A number of legislators from both sides of the aisle have joined in expressing their concerns about a hemp ban, which would wipe out a several billion dollar industry. In a letter sent to Speaker of the House Mike Johnson, 27 House representatives strongly opposed the resolutions. Among them are North Texans Julie Johnson and Marc Veasey, as well as Houston Republican Dan Crenshaw. Unlikely fighters jumping in the ring are South Carolina’s Nancy Mace and Kentucky’s James Cormer. 

“By arbitrarily changing the definition of legal hemp rather than responsibly regulating the market, Congress is effectively turning out the lights on America’s legal hemp farmers and undermining the work being done by our colleagues in the authorizing committees and in states that have created regulatory frameworks for hemp products,” reads the letter addressed to Speaker Johnson. 

Related

Higdon says the changing perspectives of lawmakers as the THC industry grows keep the debate of various bans under the dome of Capitol buildings across the country. 

“This is an issue that’s divided the Republican Party,” he said. “The divide between Abbott and Patrick, that’s a real divide that has really split the Republican Party in half. You can see that state after state and at the federal level.” 

A Rehashing of the Texas Ban

Related

The Texas Legislature passed a bill in June that would completely outlaw hemp-derived THC products in Texas. The passage came after a whirlwind session filled with theatrics and hyperbolized anti-marijuana rhetoric led by Patrick, who championed the issue. Then, in the final hours, literally minutes before the bill would become automatically enforced without his signature, Abbott vetoed it, much to the chagrin of his longtime colleague. 
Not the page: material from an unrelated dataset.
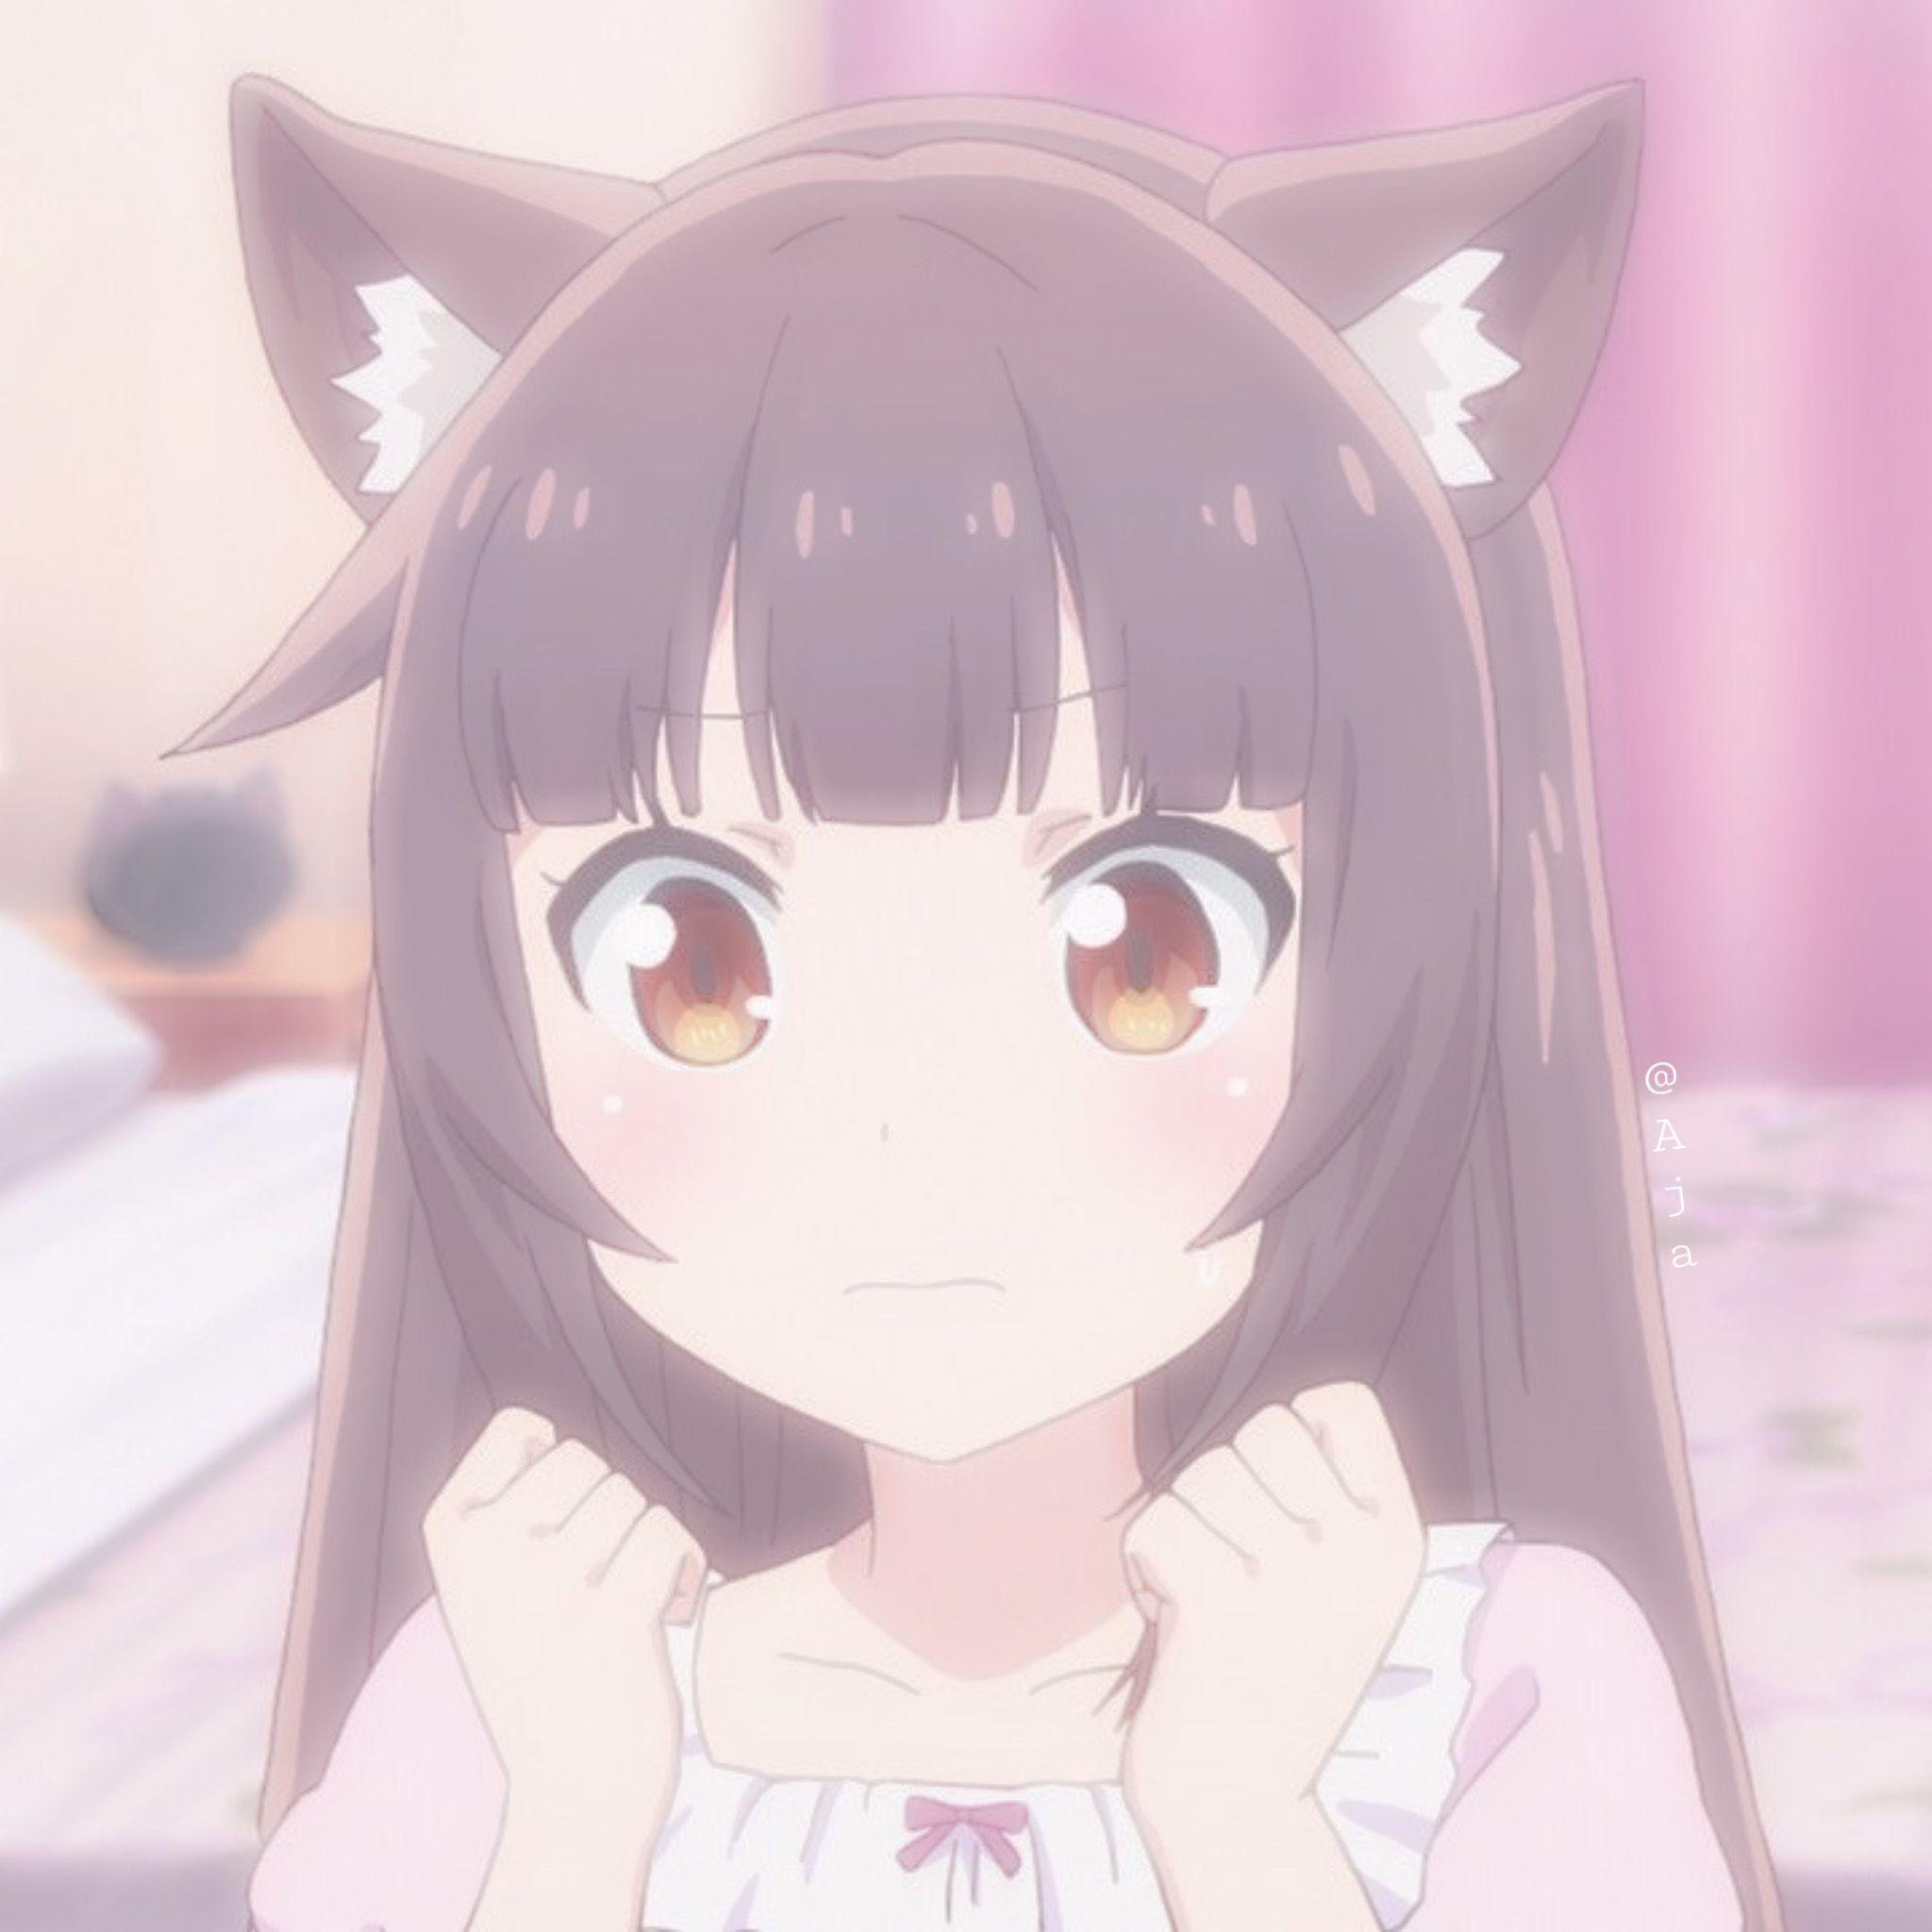 𝒜𝒿𝒶 🎀 *.° in 2020 | Chibi anime kawaii, Aesthetic anime ...

Soon after, Abbott added the issue to the agenda for the first of two special sessions. However, House Democrats then left the state, breaking the quorum, over proposed congressional redistricting, and the THC issue was put on the back burner. When the Democrats returned, they presumably had bigger fish to fry than people’s ability to get fried on THC. 

The first special session ended, and a second special session began, with THC somewhere on the agenda. However, after a tumultuous legislative season, the THC ban never made its way onto the House calendar, despite passing the Senate. Roughly two weeks after it began, the second special session ended, with no progress on the THC issue. 

“After long discussions last night between the Governor, Speaker, and me on THC, and continued hours of discussion today, we were not able to come to a resolution,” Patrick said in a social media post.

Related

Within days, Abbott released an executive order that touched on some of the primary concerns of the loudest THC-opponents, like ID-verified age limitations. Enforcement officially began this month, and yesterday the governor directed the Department of Public Safety to conduct targeted undercover operations to sniff out smoke and vape shops illegally selling THC products to those under 21. 

“Texas will protect children from dangerous hemp products,” said Governor Abbott. “Today, I directed the Texas Department of Public Safety to increase surveillance and enforcement of any vape and smoke shop violating Texas law. Texas will prioritize protecting our children.” 

Higdon hopes Texas can serve as a warning of a potential national ban’s failure. 

“I hate to jink it, but we feel optimistic,” he said. “If Prohibition won’t stick in Texas, where is it going to stick?… We’re using the time during the shutdown to reach out to every member of the conference committee that we can find in order to better our chances.”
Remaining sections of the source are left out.